Играть, как говорится на профессиональном жаргоне, prima vista, с листа, без предварительной репетиции музыкантам приходится очень редко. Во времена Бетховена всё было не так. Премьера концерта для скрипки с оркестром Бетховена, как сообщает его ученик Карл Черни, состоялась «с большим успехом» в декабре 1806 года, «едва ли не через два дня после завершения работы над композицией». Значит, времени для подготовки у музыкантов практически не было. На тогдашних критиков это не произвело особого впечатления, как, впрочем, и сам концерт. Один из них писал: «Если Бетховен и дальше пойдёт по этому пути, то как он сам, так и его публика придут не туда, куда надо».
Кларе Вик, ставшей позднее женой Роберта Шумана, не было тринадцати, когда в 1832 году, она выступила в лейпцигском Гевандхаусе с фортепианными сочинениями своих современников — Шопена, Герца и Пиксиса — то есть с такими пьесами, которые «требуют необычайной быстроты пальцев», как с похвалой писала «Альгемайне музикалише цайтунг». Критик признал за юной пианисткой также «доскональную выверенность стремительных движений рук и немалую выдержку». И под конец добавил: «Кроме того, все эти сочинения девочка играла наизусть».
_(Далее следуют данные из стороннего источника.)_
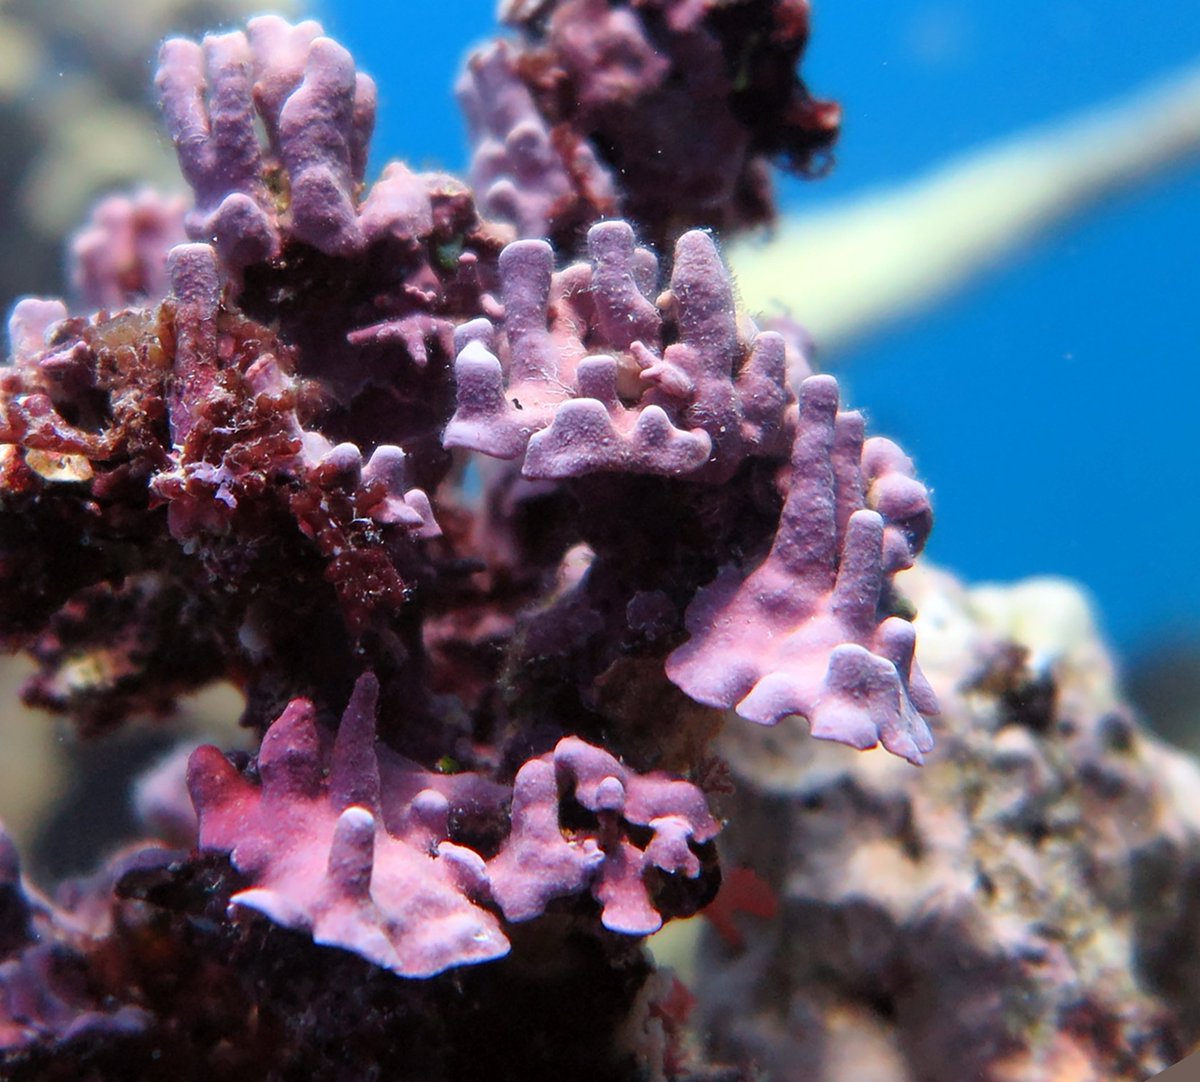 Delighted to share our new study uncovering the diversity of crustose coralline algae from the Great Barrier Reef #GBR, Coral Sea and Lord Howe Island. onlinelibrary.wiley.com/doi/full/10.11…

Отказ от нот не был обязательным требованием, но соответствовал новому образу виртуоза, начавшему завоёвывать тогдашнюю музыкальную сцену. Создал этот образ Ференц Аист, который хотел играть на фортепиано так, как Никколо Паганини на скрипке, и стать, подобно итальянцу, непревзойдённым виртуозом на своём инструменте, чтобы публика во всей Европе благоговейно легла у его ног. Лист, первый пианист, в одиночку дававший целый концерт, принципиально играл наизусть. Он обладал не только великолепной памятью, но и редкой способностью с первого взгляда так основательно схватывать совершенно незнакомые ноты, что даже самые трудные вещи играл практически без репетиций.
Когда Эдвард Григ встретил его в 1870 году в Риме и показал ему свою сонату № 1 для фортепиано и скрипки, Лист тут же сыграл её и при этом столь блестяще сочетал обе партии, что Григ растерялся: «В радостном удивлении я начал смеяться, и всё смеялся, смеялся, как идиот».
Играя сочинения других композиторов, Лист относился к ним свободно и раскованно. Поскольку верность оригиналу, которую сегодняшние исполнители считают чем-то само собой разумеющимся, тогдашняя публика не считала обязательной, свобода трактовки допускалась сравнительно большая. Это отметила и невеста Роберта Шумана Клара, когда впервые услышала Листа в 1838 году в Вене. Поражённая его игрой, она стала пессимистически относиться к собственной карьере пианистки. «Он может играть одно и то же сочинение сегодня так, а завтра иначе. Играет всегда Лист, но душа у него каждый раз другая. Каков он в жизни, таков и в творчестве: бурный, временами холерический демагог, которому требуется всё, всё — а фортепиано самой крепкой конструкции. Он вообще способен за один вечер загнать инструмент в преисподнюю».
Действительно, Лист мог в ходе одного-единственного концерта привести в негодность три фортепиано: у инструментов тогда ещё не было металлической рамы, и они часто не выдерживали его вихревой игры.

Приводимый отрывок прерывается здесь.